RAW DATA:
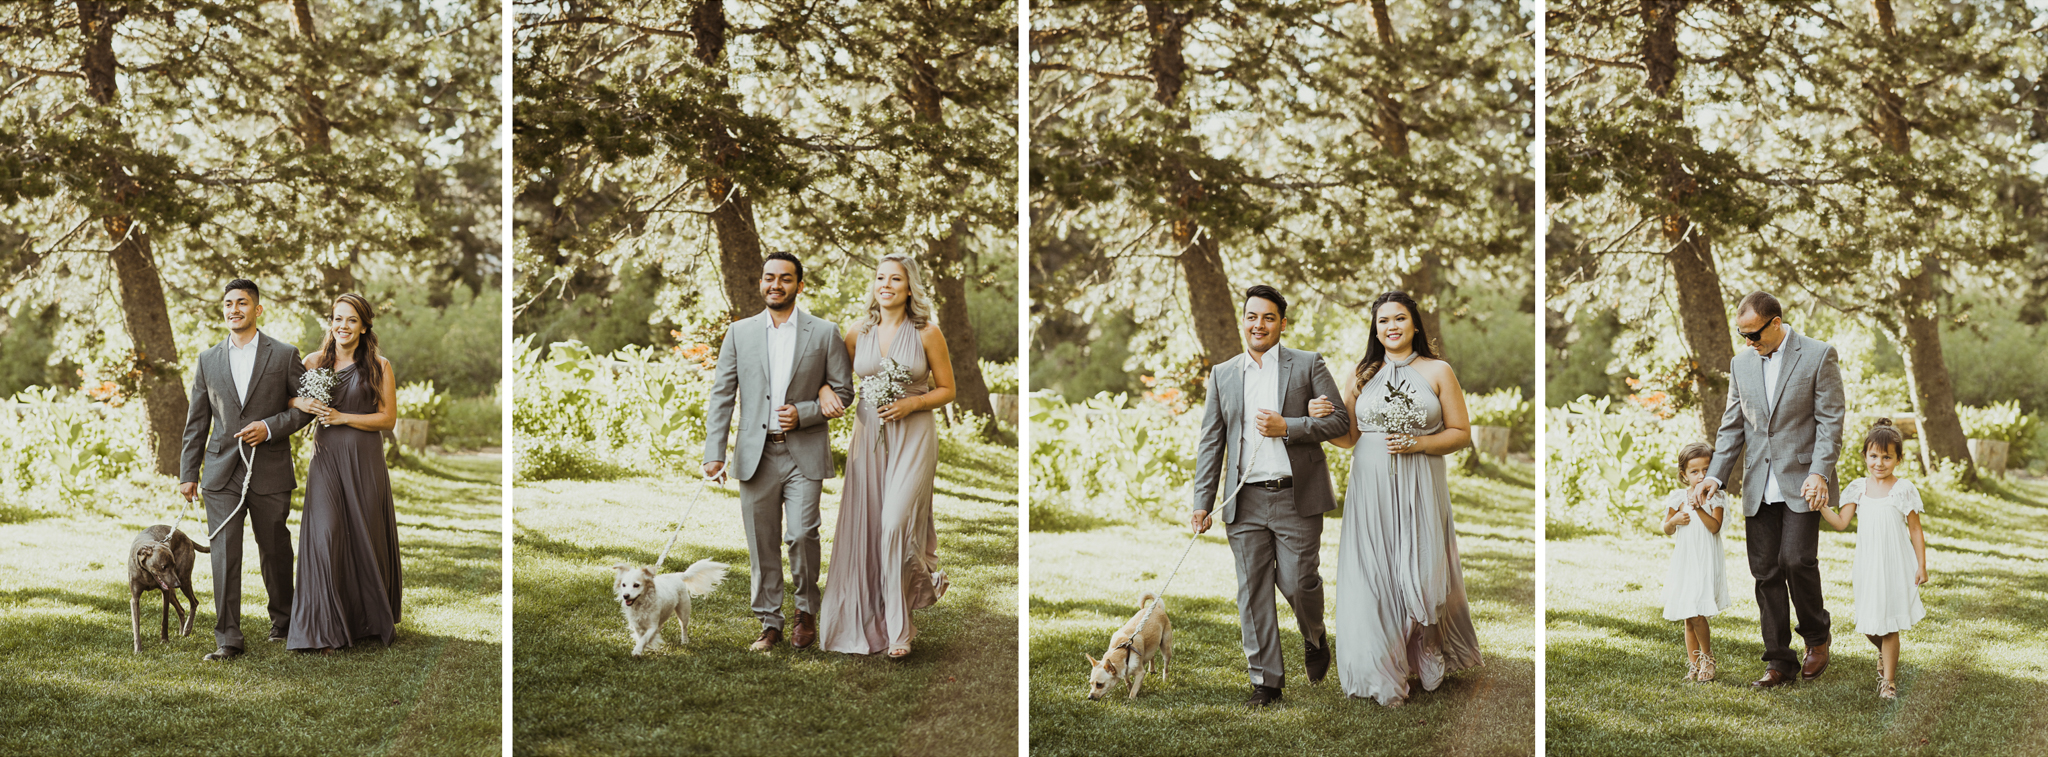 ©Isaiah & Taylor Photography -The Hideout Wedding, Kirkwood California, Lake Tahoe Wedding Photographer-135.jpg
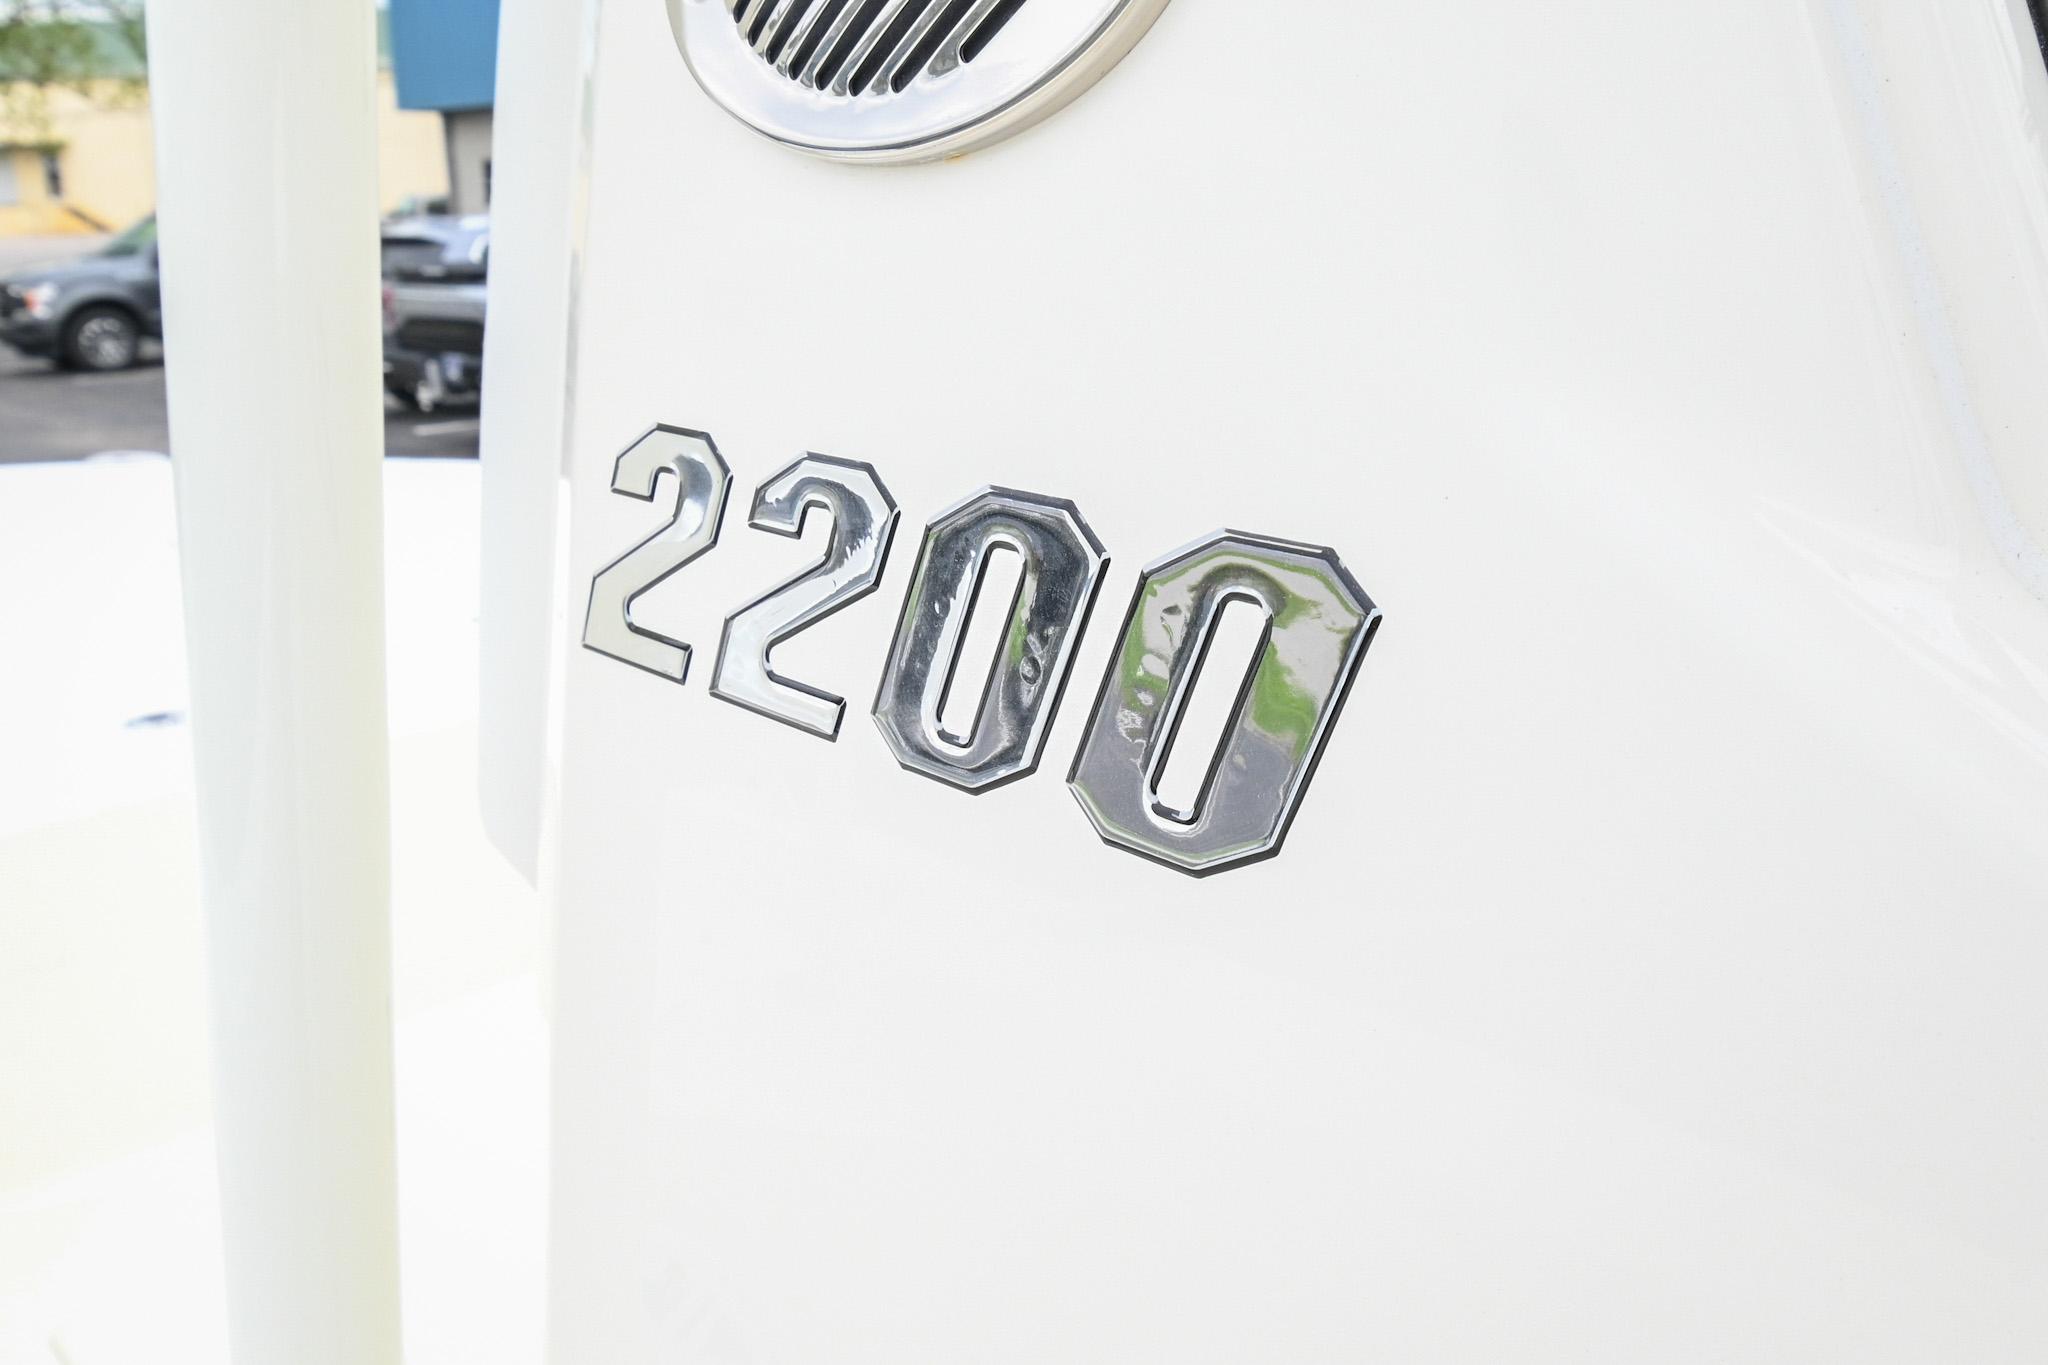 2024 Pathfinder 2200 TRS
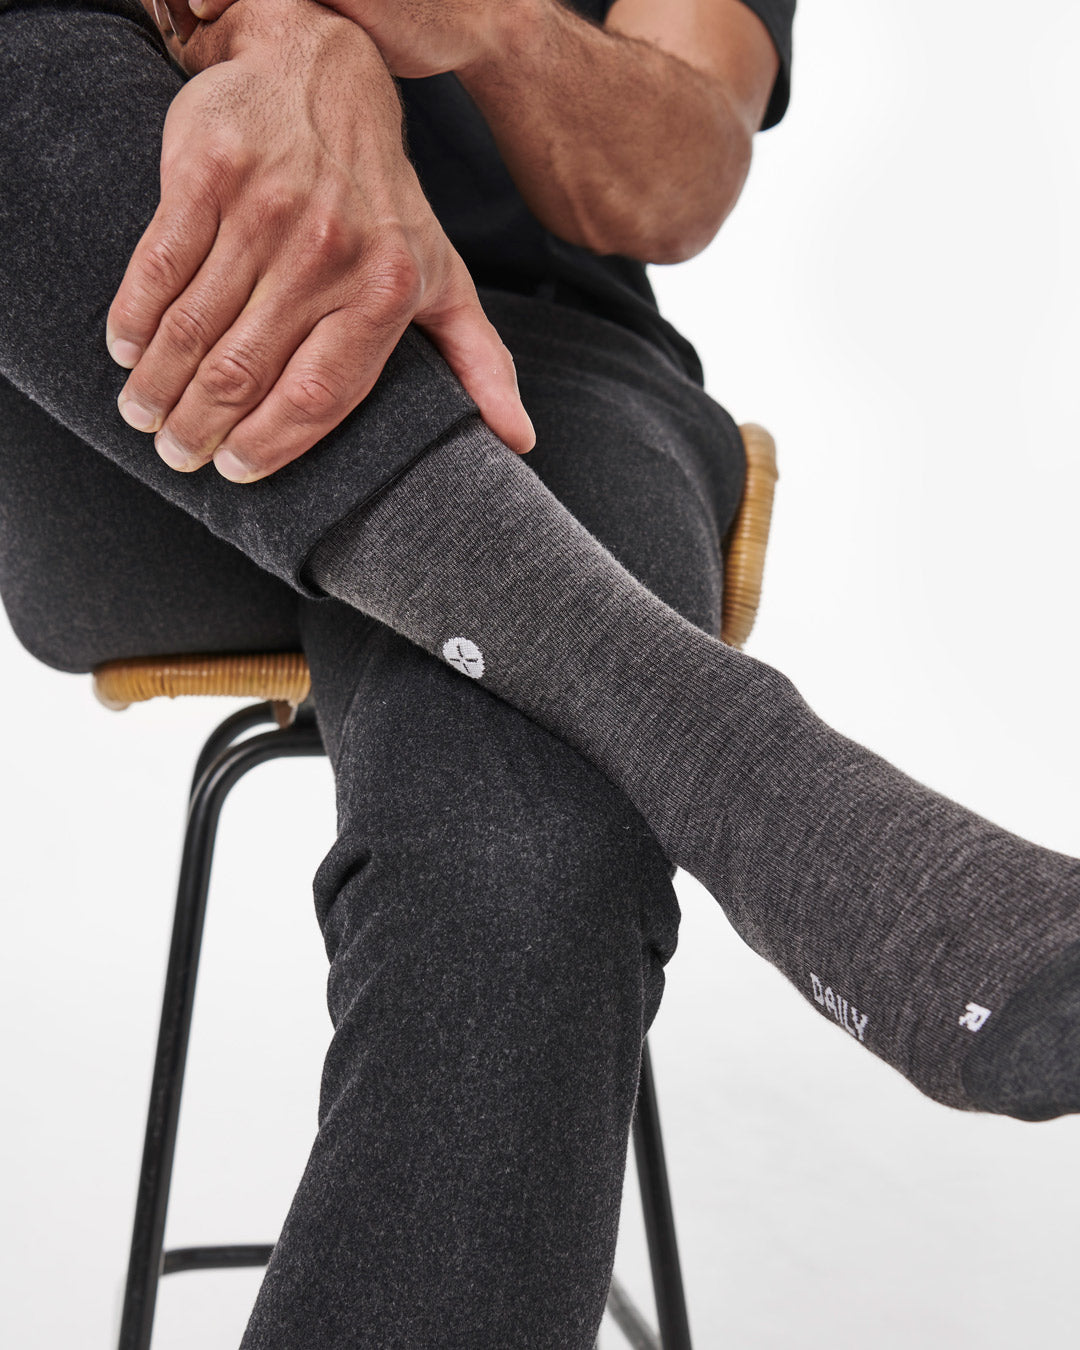 Sitting man with compression socks.

TASK STATEMENT: Restate the data above word for word, omitting every picture.

TASK SOLUTION:
 ©Isaiah & Taylor Photography -The Hideout Wedding, Kirkwood California, Lake Tahoe Wedding Photographer-135.jpg
 2024 Pathfinder 2200 TRS
 Sitting man with compression socks.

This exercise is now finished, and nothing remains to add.